Filbreak

PURPOSE   OPERATION   OPTIONS   PARAMETER FILE   COMMAND LINES   RELATED PROGRAMS


Author: Dan Mares, dmares @ dmares . com
Portions Copyright © 1998-2021 by Dan Mares and Mares and Company, LLC
Phone: 678-427-3275
Last UPDATE of the program: November 11, 2021
Get the 32 bit .exe

All programs are command line programs.
MUST be run within a command window as administrator.

One liner: "Breaks" up records to user selected fields

Sample Maresware Batches  an executable with data that demonstrates various Maresware software. Download and run the appropriate _08_xx batch for filbreak demo.


top

Purpose

To reformat the record structure of a file.

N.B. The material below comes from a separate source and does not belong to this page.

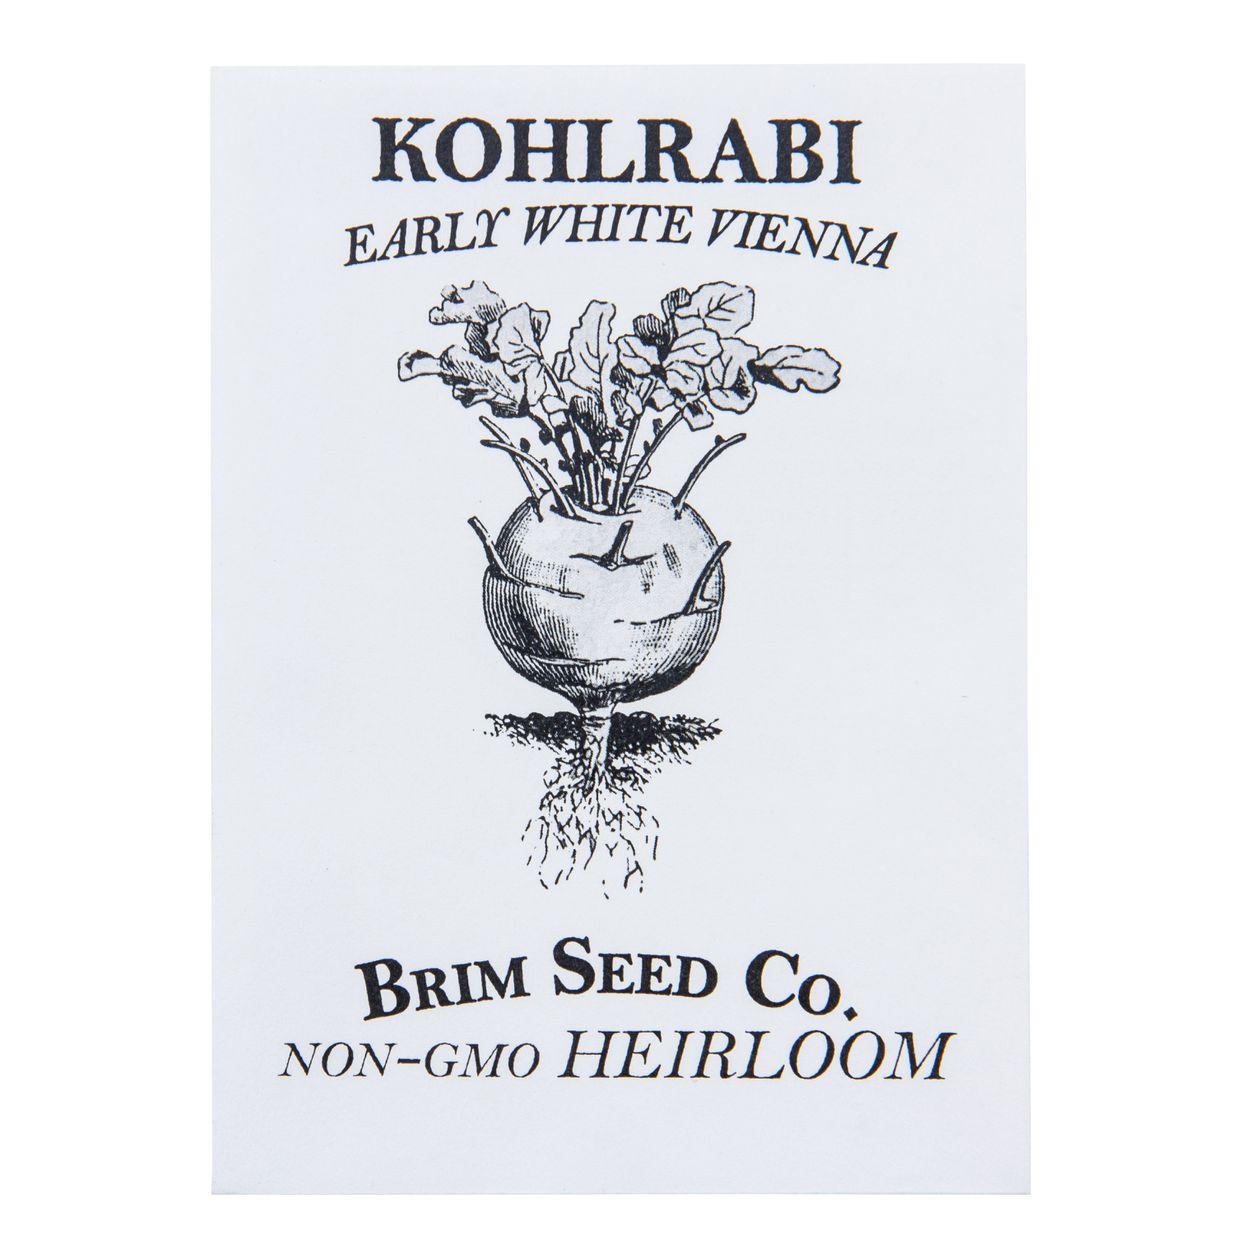 Brim Seed Co. - Early White Vienna Kohlrabi Heirloom Seed

Filbreak is a program that will allow you to select sections of an input record and place them into an output record of a different layout. Maresware's Search program has a subset of the filbreak operation. For the most part, Filbreak's options are available in the Search program and are identical to these.

You can take selected fields of the input record, rearrange them, and write them to a new output record which is formatted to your specifications.

You can use this program to create a data record that will be formatted as if it were a final report. Then use a word processor, or copy the output directly to a printer.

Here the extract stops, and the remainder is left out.